There may be a variety of reasons to delete things,

- Old packages that you simply don't want to version (think npm or pip)

- Content that is pirated or proprietary or offensive that needs to be removed from the system

But in its current avatar, there isn't an easy way for you to delete data from other people's IPFS hosts in case they choose to host your data. You can delete it from your own. There are solutions proposed with IPNS and pinning etc - but they don't really seem feasible to me last I looked around.

This list as @fwip said is great as a wishlist - but I would love to see them address some of the things needed in making this a much more usable system as well in this roadmap.




> But in its current avatar, there isn't an easy way for you to delete data from other people's IPFS hosts in case they choose to host your data.

If you put it on IPFS, it's not "your data" any longer. If that doesn't work for you, then don't use IFPS.

Edit: I do get why people are concerned about persistence of bad stuff. But it's not at all unique to IPFS. And even IPFS forgets stuff that nobody is serving. I mean, try to find these files that I uploaded a few years ago: https://ipfs.io/ipfs/QmUDV2KHrAgs84oUc7z9zQmZ3whx1NB6YDPv8ZR... and https://ipfs.io/ipfs/QmSp8p6d3Gxxq1mCVG85jFHMax8pSBzdAyBL2jZ.... As far as I can tell, they're just gone.


If IPFS becomes famous to the point governments have to look at it, and that it allows to bypass laws, they will try to forbid by law people to run nodes, same way with Tor in some countries.


Try and succeed are different things. The larger the use case set, the tighter the integration with everything else, the stronger the reliance on it, the harder it will be to outlaw it. Often the laws drift ever-so-slightly to accommodate the new reality.


> Old packages that you simply don’t want to version

It’s important to think of IPFS as a way to share using content hashes - essentially file fingerprints - as URLs. Every bit of information added is inherently and permanently versioned.

This is a tremendous asset in many ways, for example de-duplication is free. But once a file has been added and copied to another host, any person with the fingerprint can find it again.

While IPFS systematically exacerbates the meaningful problems around deletion that you describe, they are not unique. Once information is put out in the world, it’s hard to hide it.


> It’s important to think of IPFS as a way to share using content hashes - essentially file fingerprints - as URLs.

That's not at all unique to IPFS though - in fact, this is what the ni:// (Named Information) schema is supposed to be used for https://tools.ietf.org/html/rfc6920

(Depending on whether the hashes being used are properly filed with the NI IANA Registry, some IPFS paths might already be interconvertible with proper ni:// format, though with some caveats. sha256 hashes are definitely supported in both, though ni:// does not use the custom BASE58BTC encoding found in ipfs paths. Moreover, ni:// does not standardize support for file-level paths as found in ipfs, but does support Content-Type, which ipfs seems to leave unspecified.
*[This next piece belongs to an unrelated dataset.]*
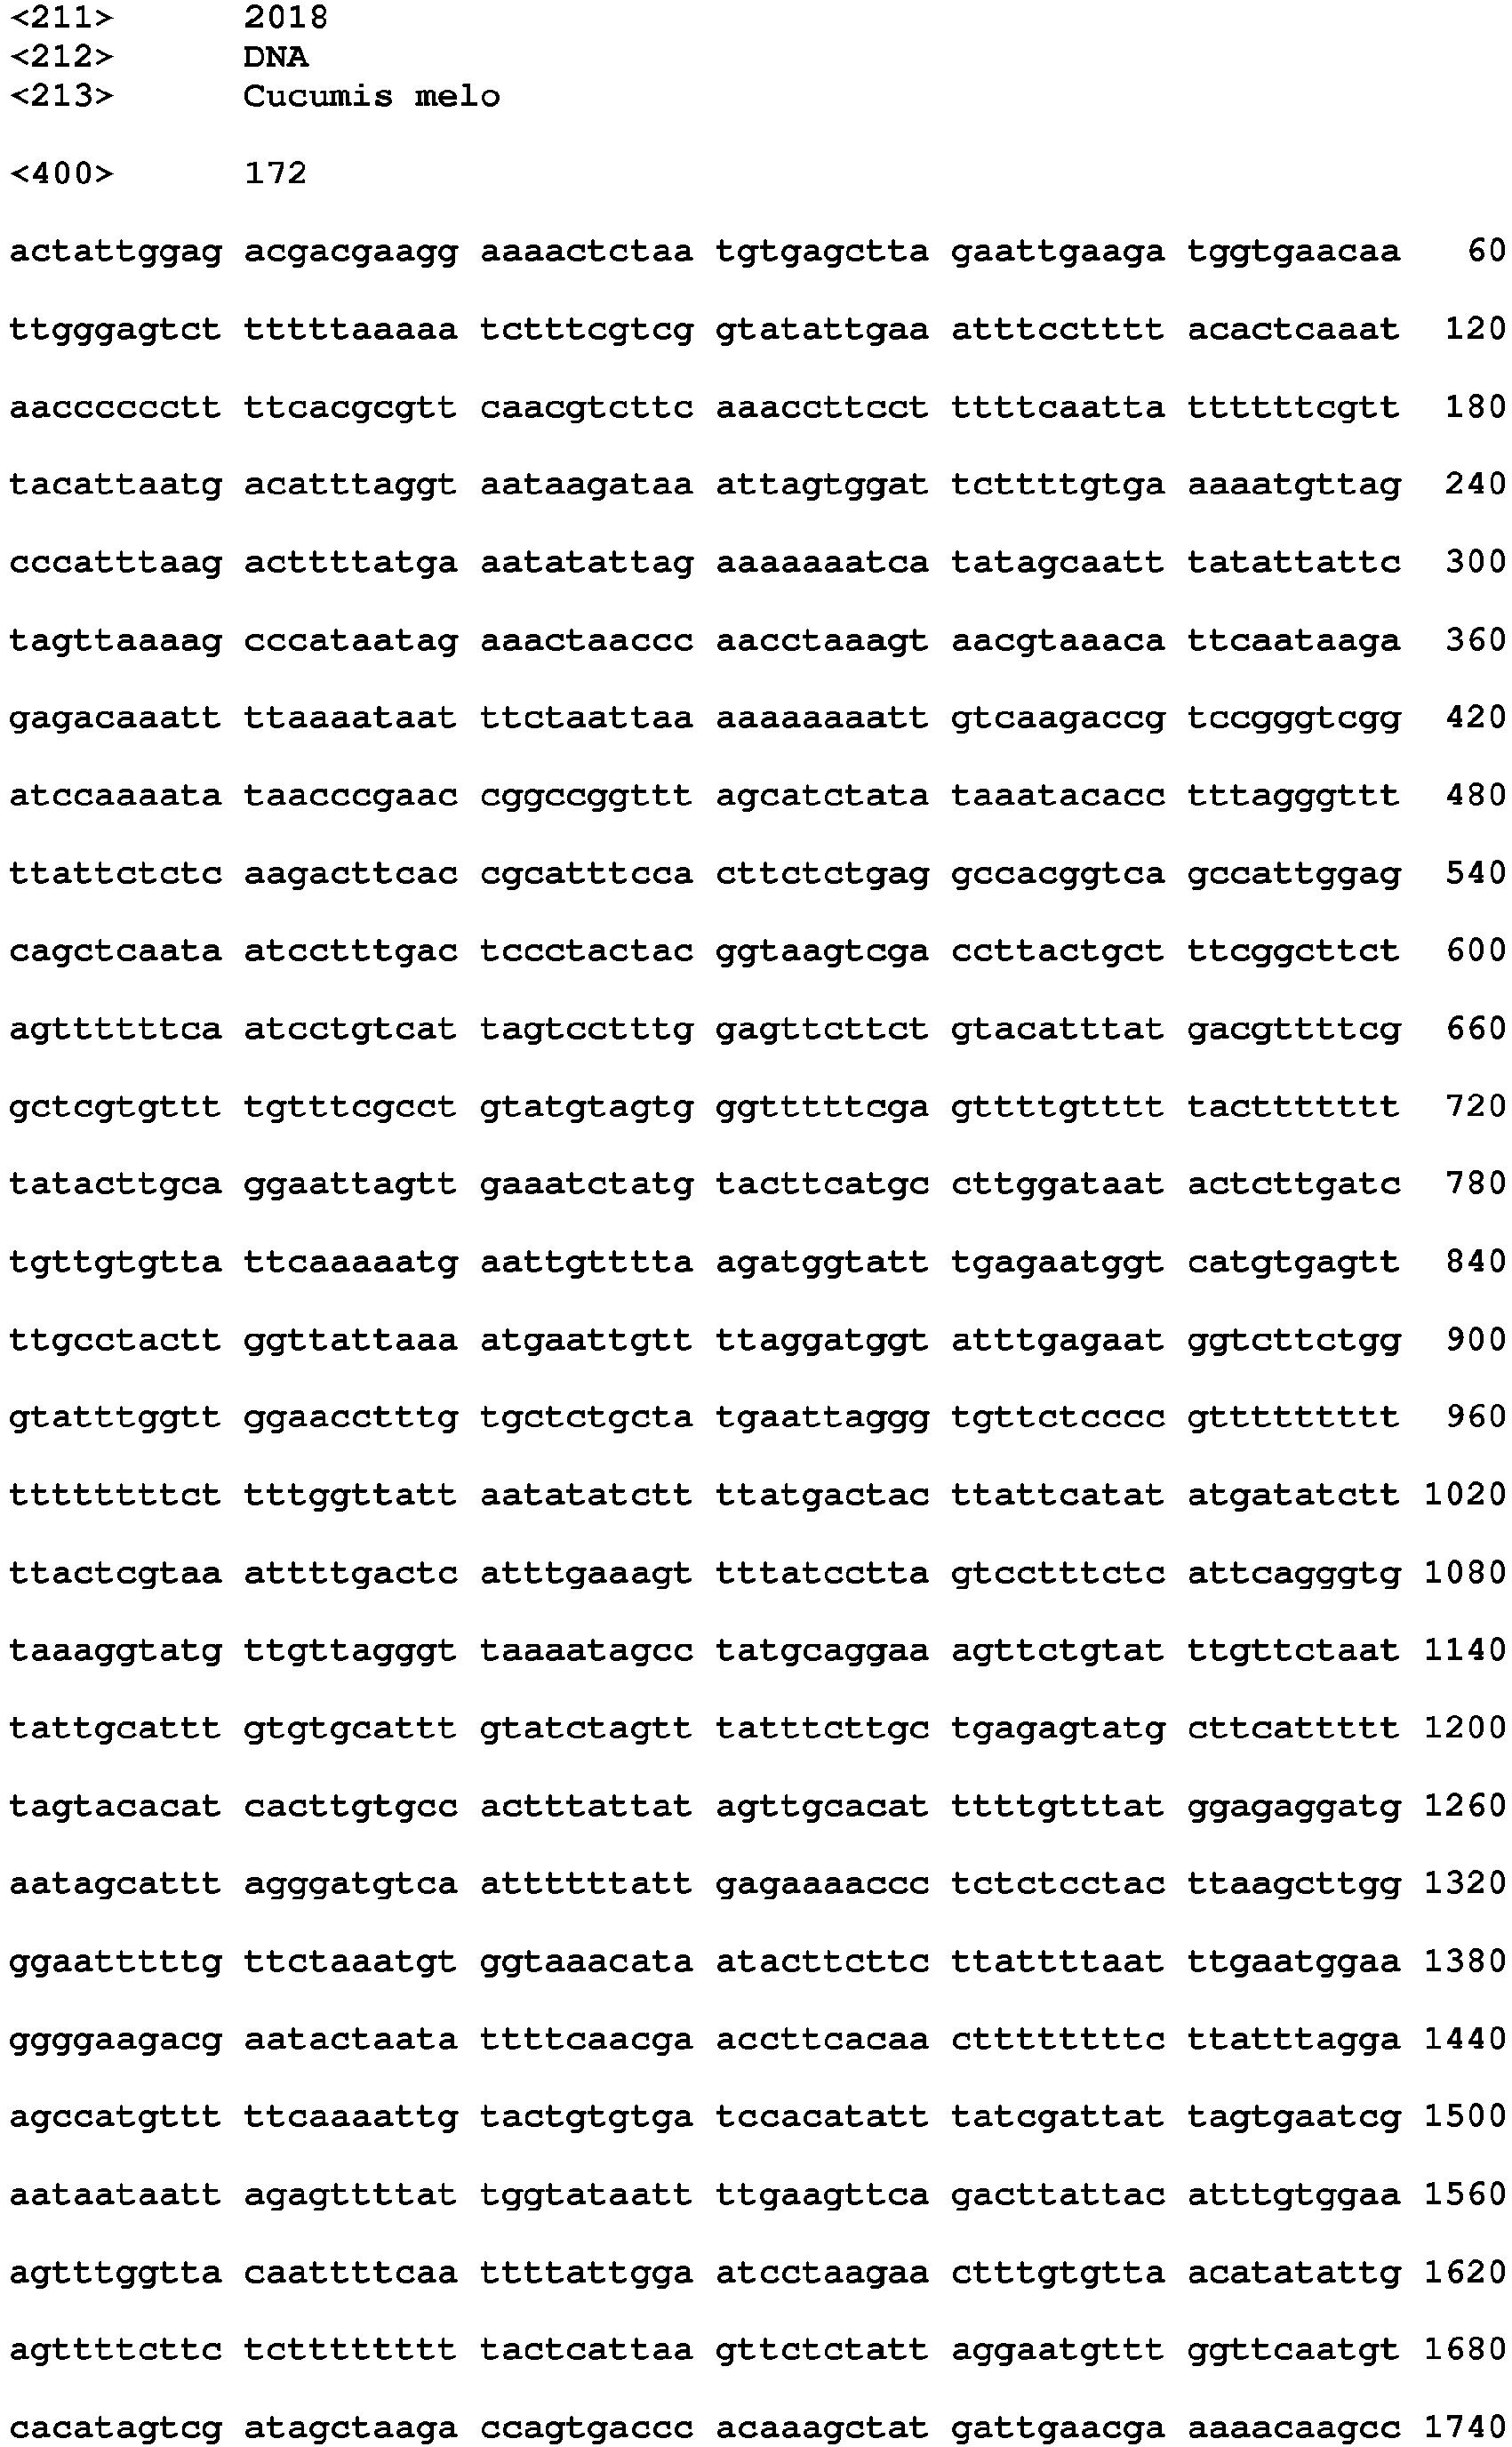 Figure imgb0202

Files larger than 256k in IPFS are a whole other can of worms however, as you apparently lose the ability to lookup by sha256 hash of the whole content, and thus to properly interoperate with other mechanisms.)

Also, nitpicking but a content hash defines a URI not merely a URL, since its use is not restricted to looking up resources over a network.


Managing universal data removal is not universally solved (or even wanted) on internet scale. So it sounds weird to demand it from technology which is trying to solve completely different problem.


A best-effort deletion could be beneficial for any node. It reduces storage requirements a bit.

A way to mark something as deleted, in a form of another ipfc object, could serve as soft delete, and also a permission to actually delete hunks of the object marked as deleted.

This, of course, is not secure deletion, and should not be.


>A best-effort deletion could be beneficial for any node. It reduces storage requirements a bit.

As far as I'm aware, any node is free to delete its own data. In fact, isn't only storing data at the user's explicit request in the first place? It just can't do anything about what other nodes choose to keep or delete. If you're referring to a particular node wanting to delete do a best-effort deletion of data on other nodes, it's not clear to me why node A cares about reducing storage on nodes B, C and D (if you own those nodes, delete it yourself; if you don't.. then I don't know what you're up to)


The same argument applies to self-driving cars, crashing into objects on the road is not a problem because they are trying to solve an entirely different problem.


What you actually want is to break the universe. It is physically impossible to revoke information unless it happens by a strange coincidence. 24x7, you emit information that races away with the speed of light. You can't chase it down. Physically.

On the other hand, if you can decide which information stays, you essentially own the system.

So, given the project's mission, I guess it is a requirement that information stays online as long as someone somewhere is willing to keep it.


I doubt there will every be a way to delete content as every legitimate method of deleting will be commandeered for censorship. Even if they did add something you can never really know the other nodes actually deleted it.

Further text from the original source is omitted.